**Task directions:**
Beginning with the line that contains "designer office chair with metal legs", reproduce the remaining lines of the material exactly, up to and including the last one, but no pictures.

**Raw data:**
= = =
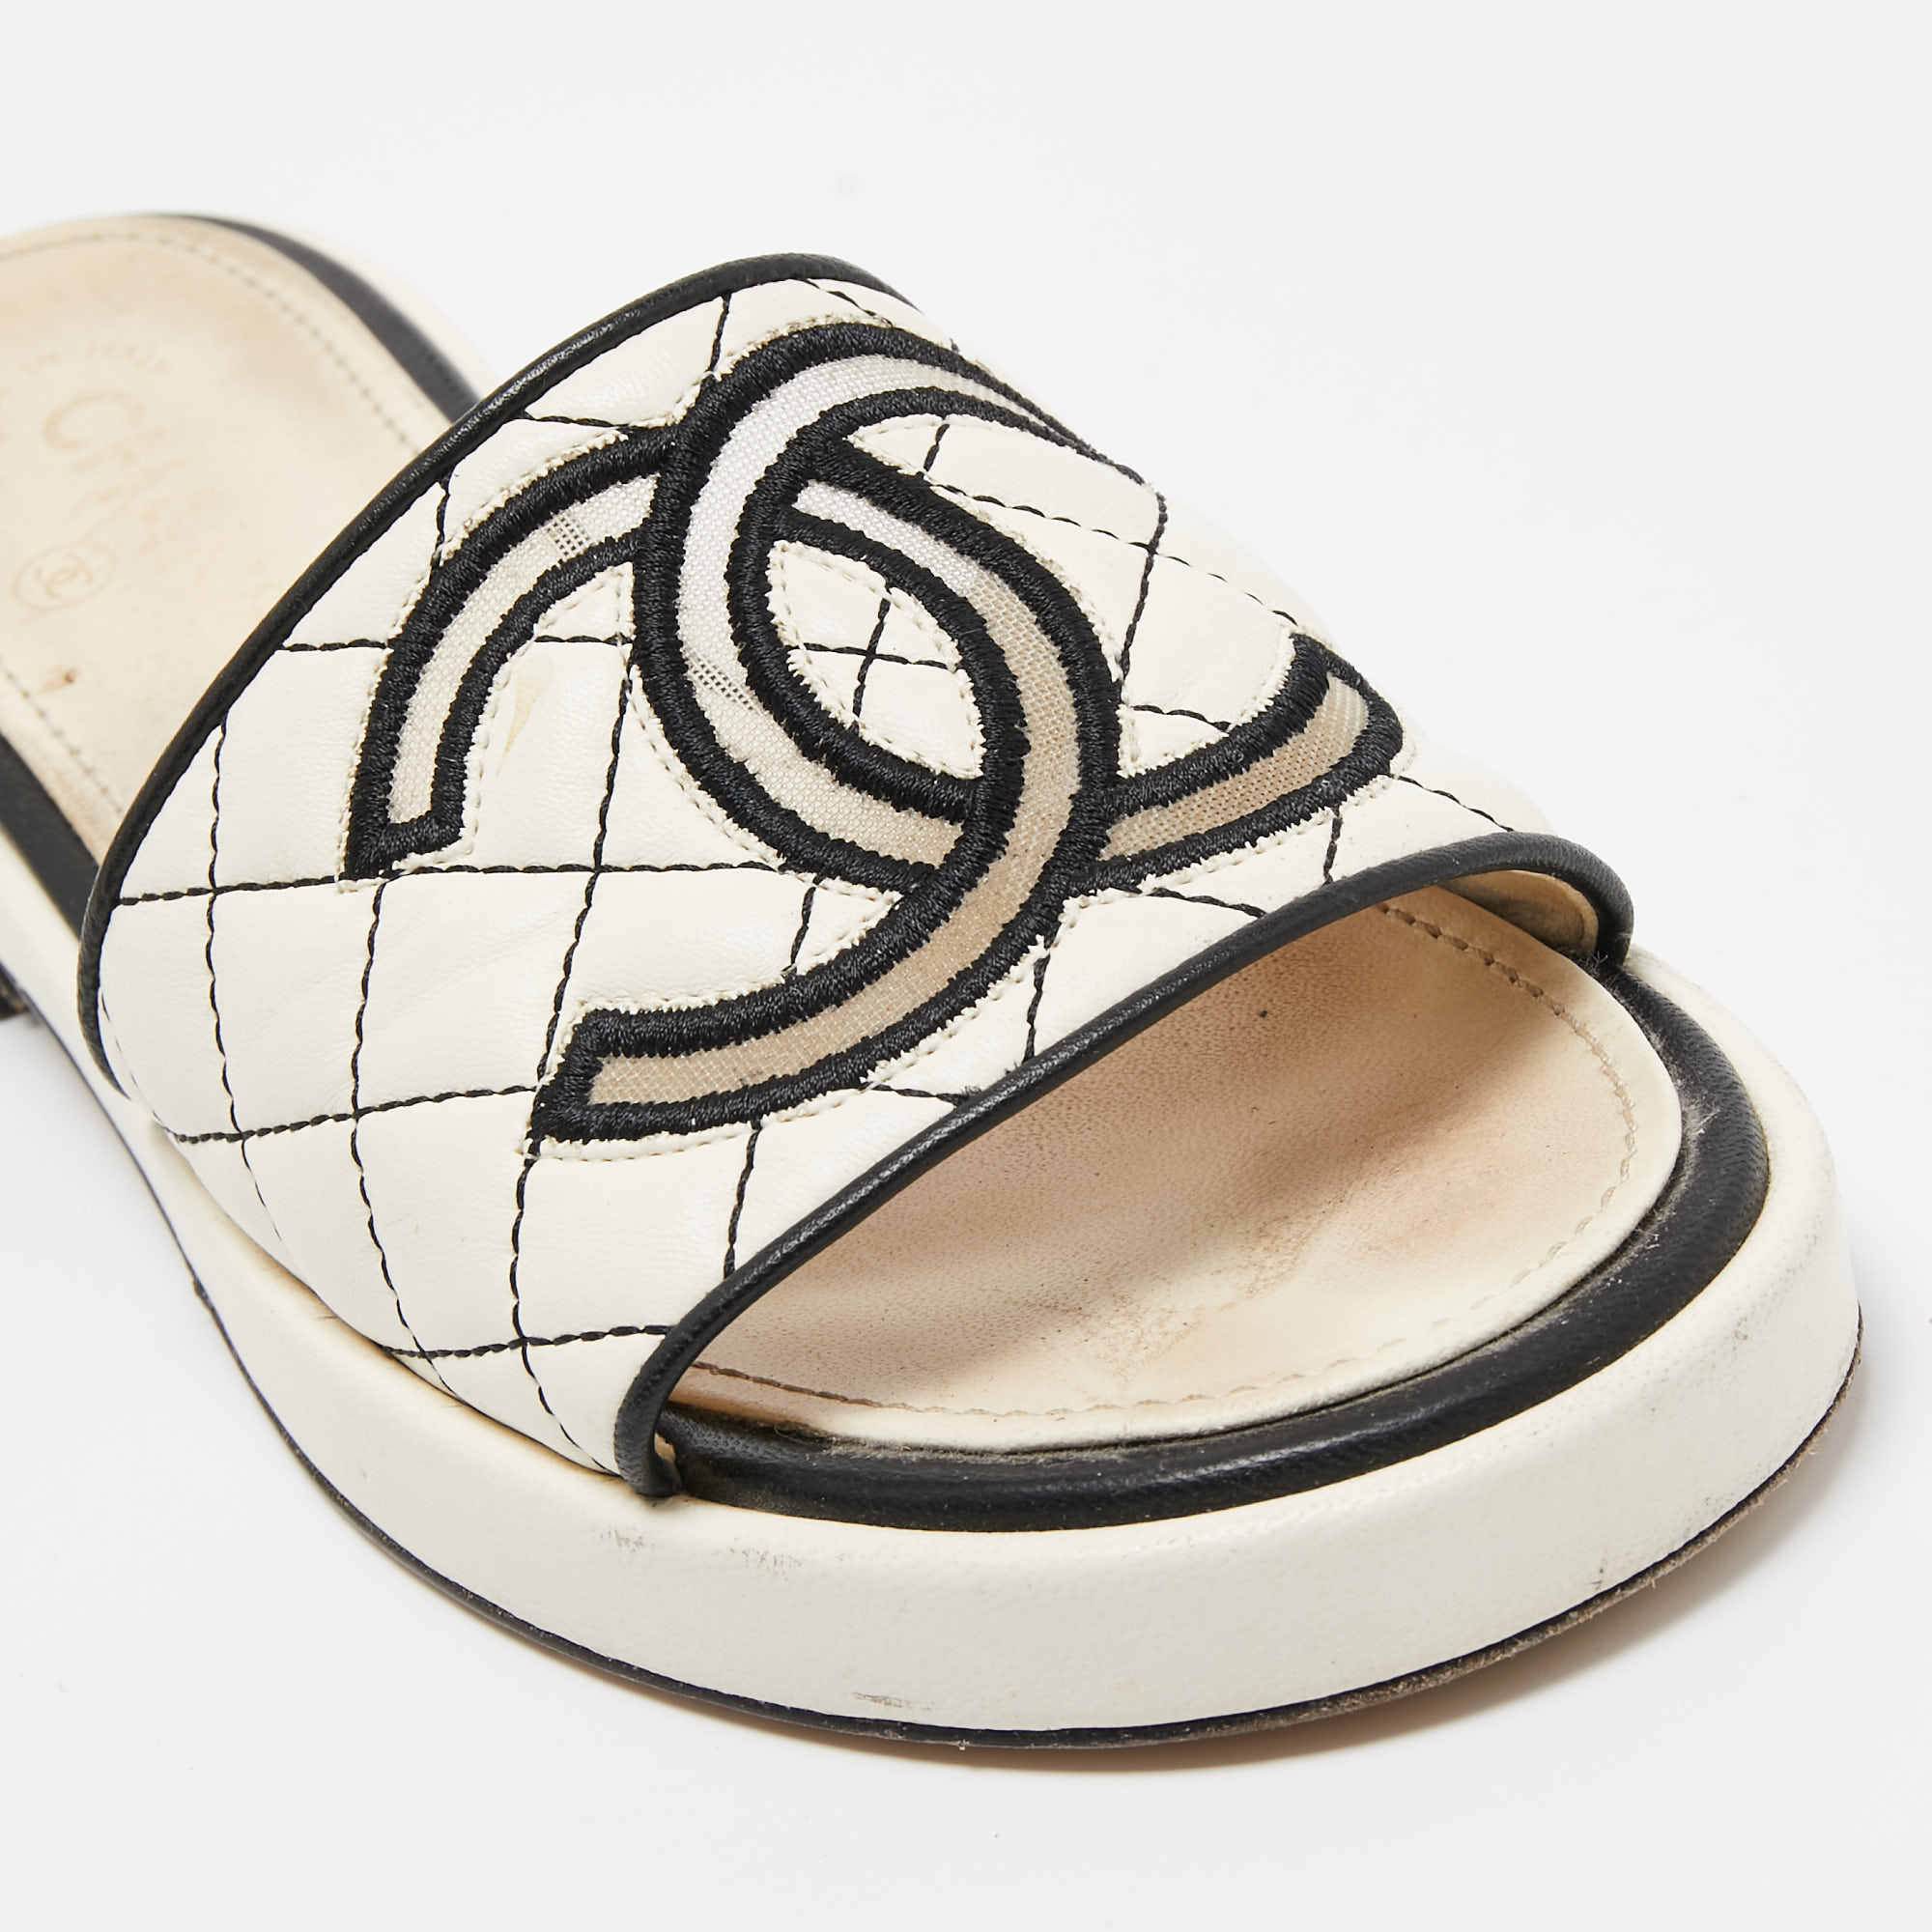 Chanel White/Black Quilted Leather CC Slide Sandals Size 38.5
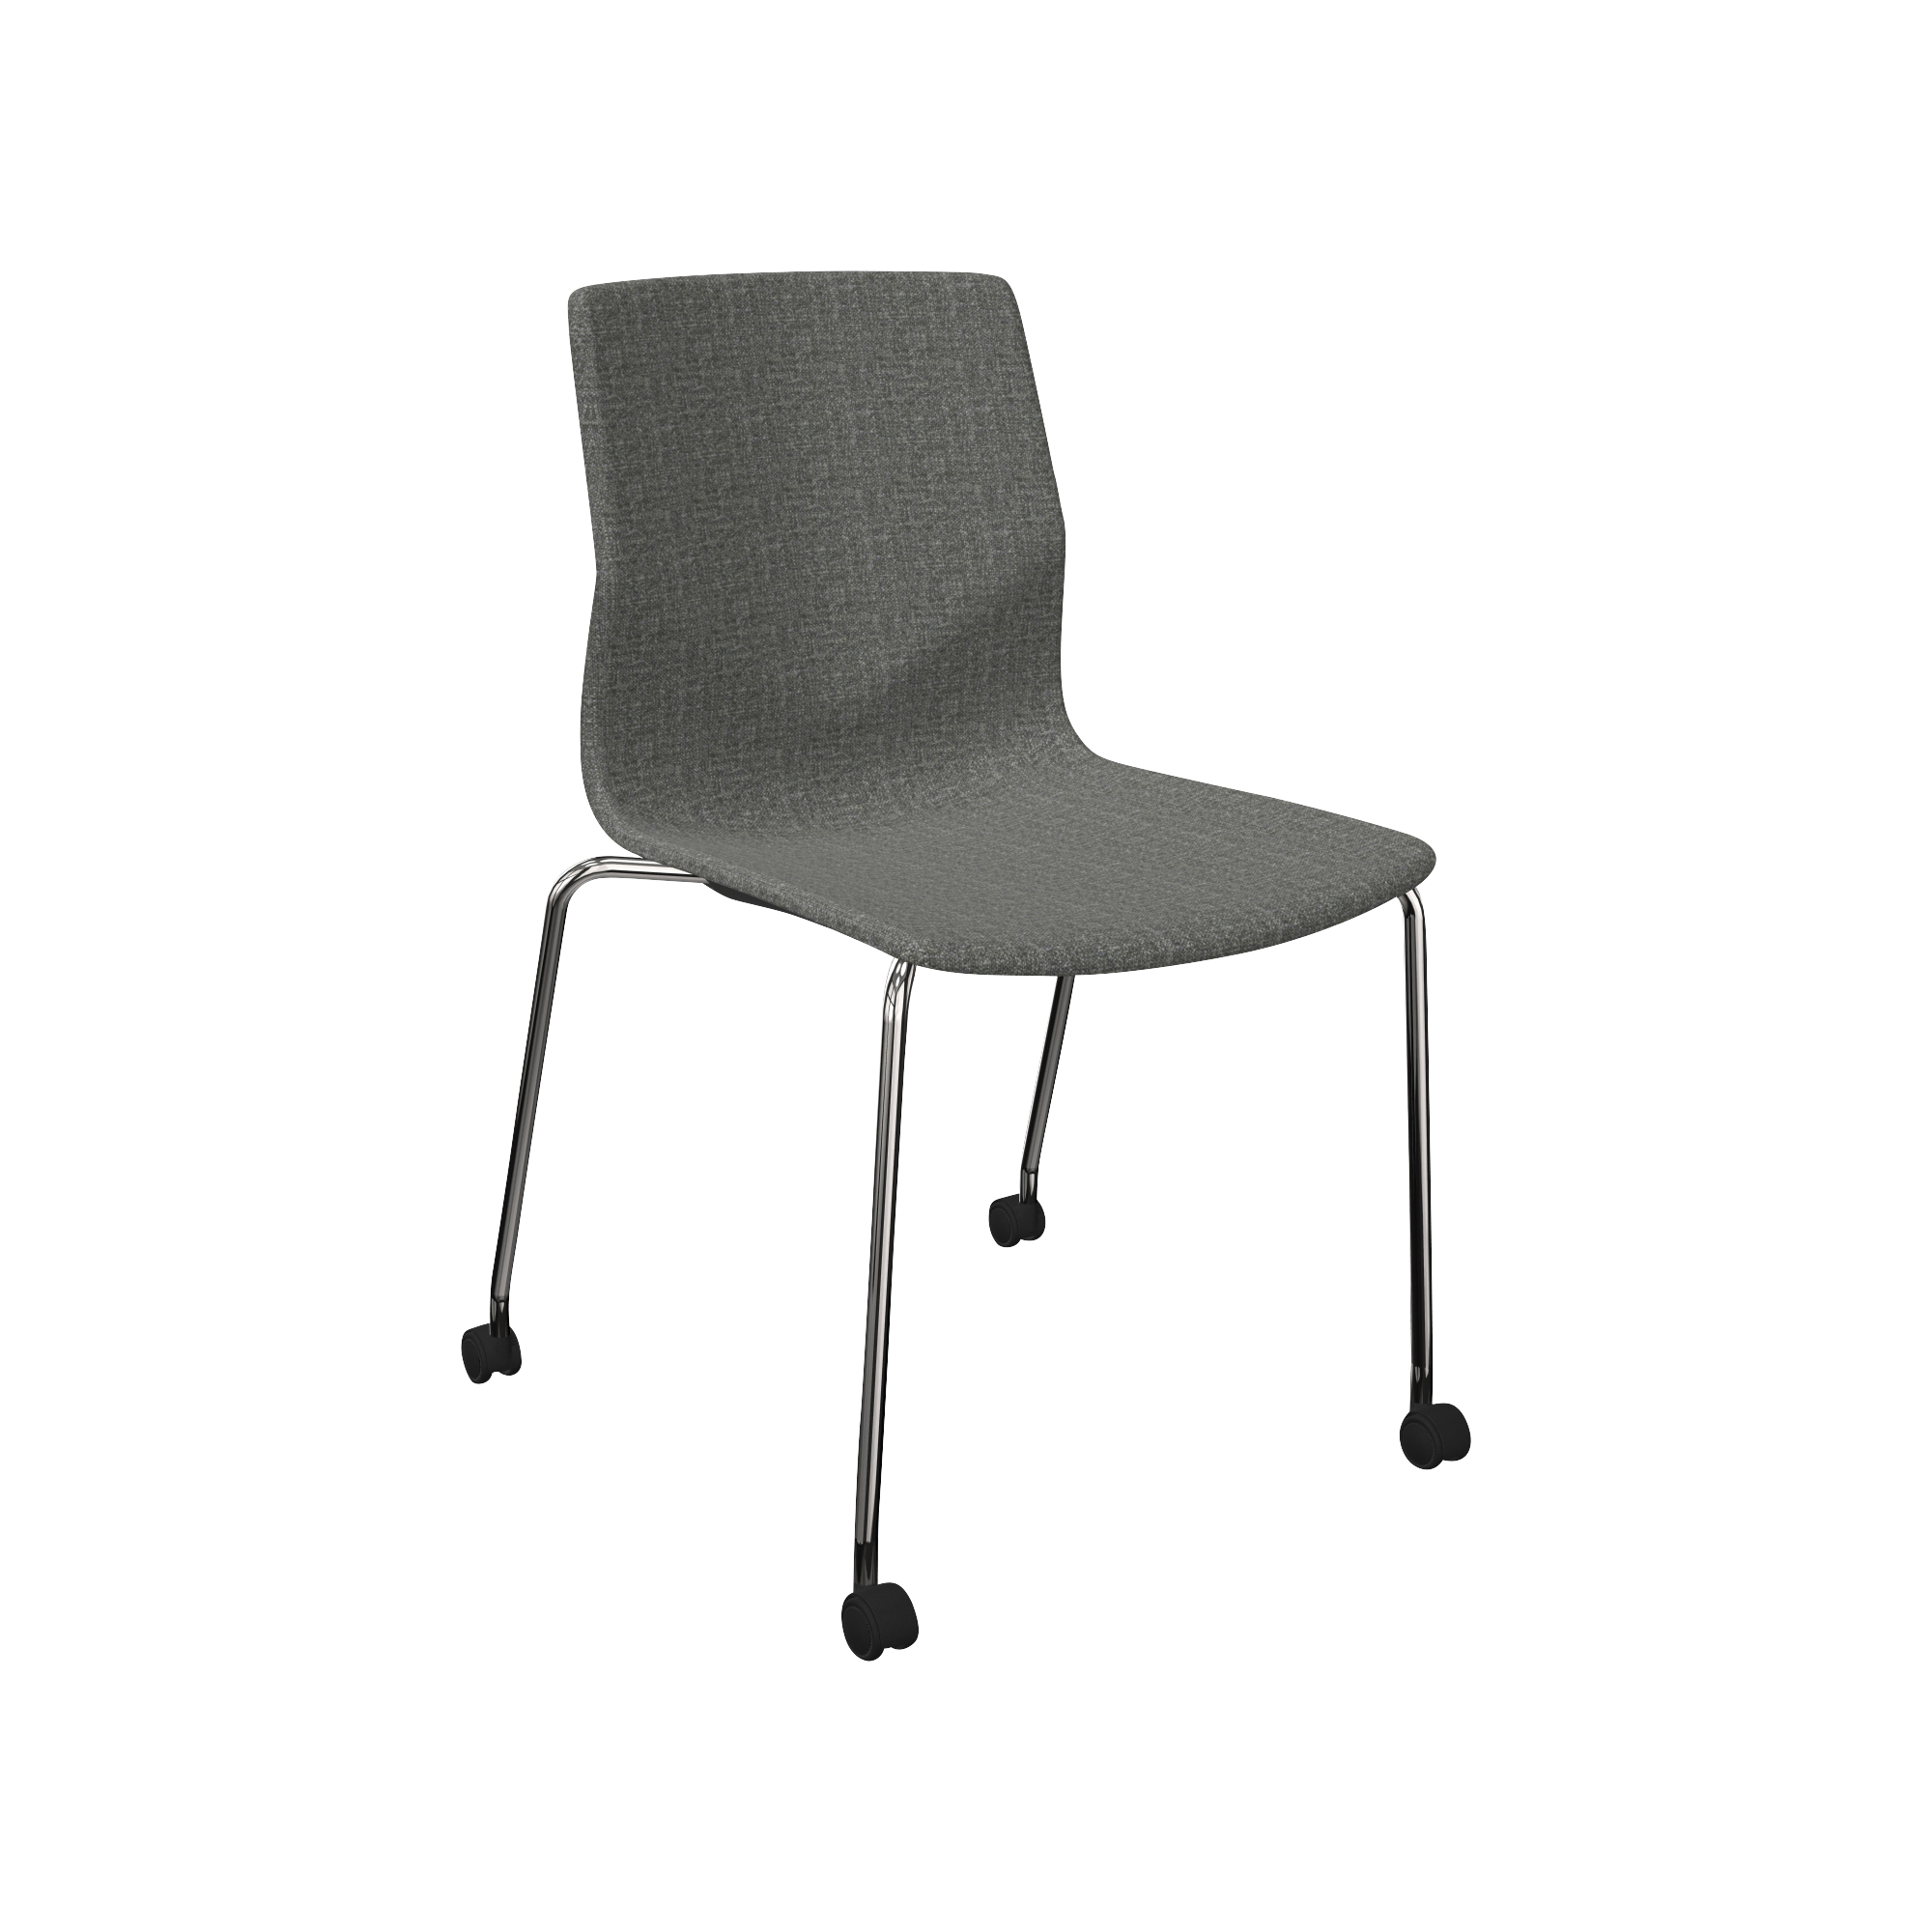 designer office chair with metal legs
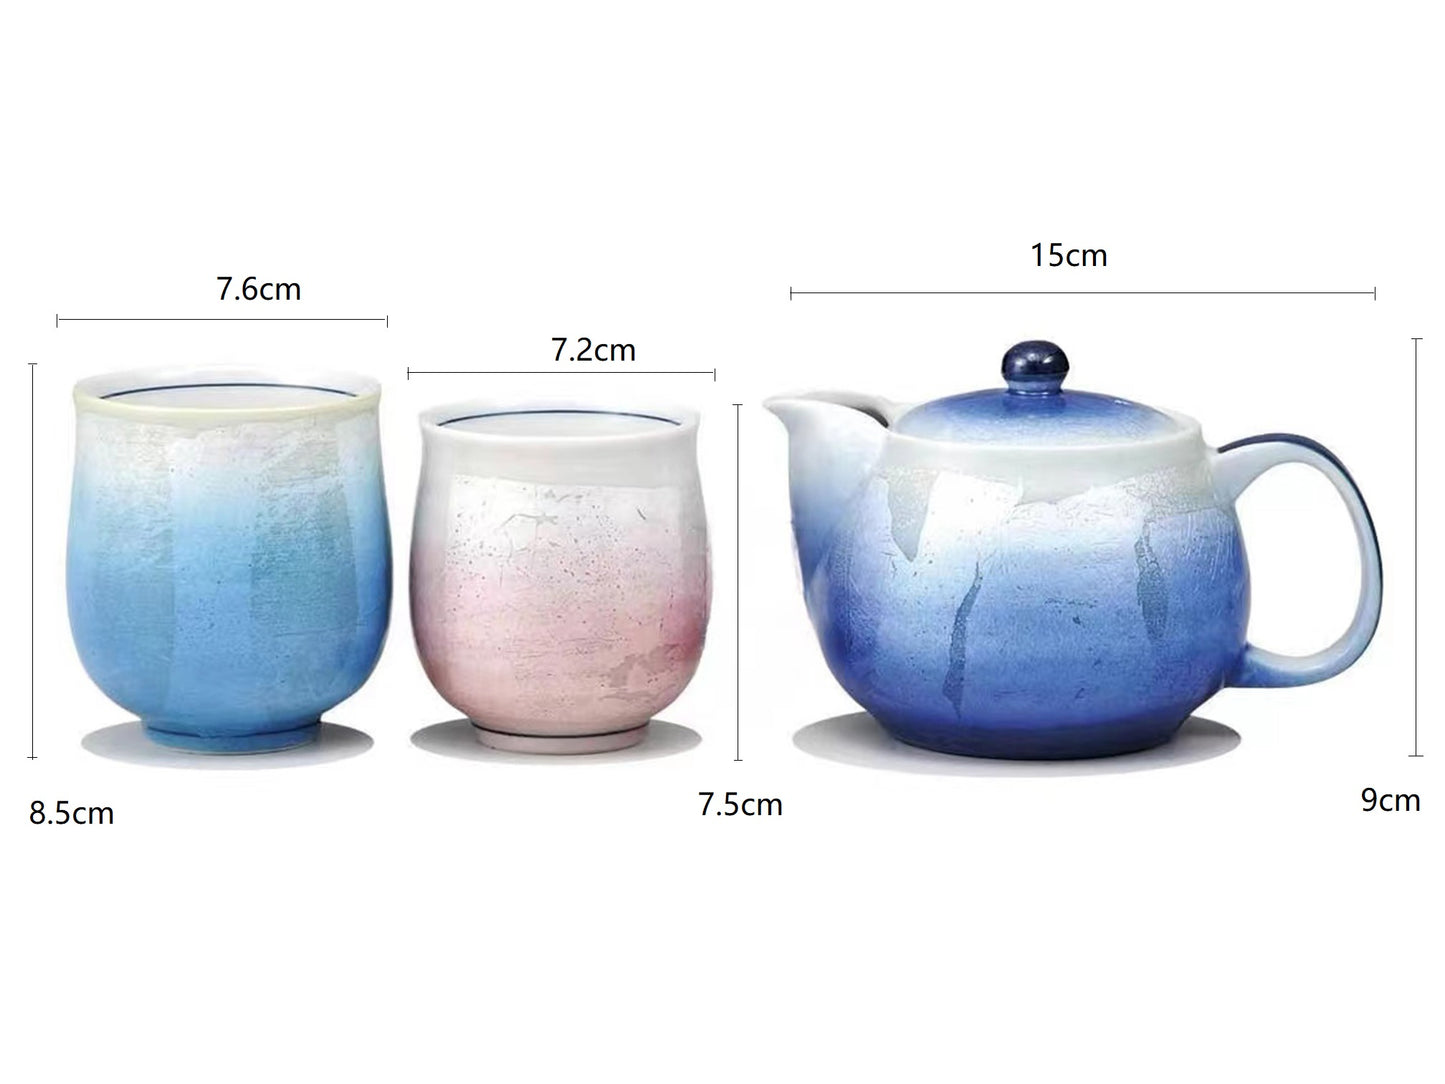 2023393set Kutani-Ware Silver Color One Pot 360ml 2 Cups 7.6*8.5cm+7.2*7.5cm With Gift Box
= = =
**The completed task:**
 designer office chair with metal legs
 2023393set Kutani-Ware Silver Color One Pot 360ml 2 Cups 7.6*8.5cm+7.2*7.5cm With Gift Box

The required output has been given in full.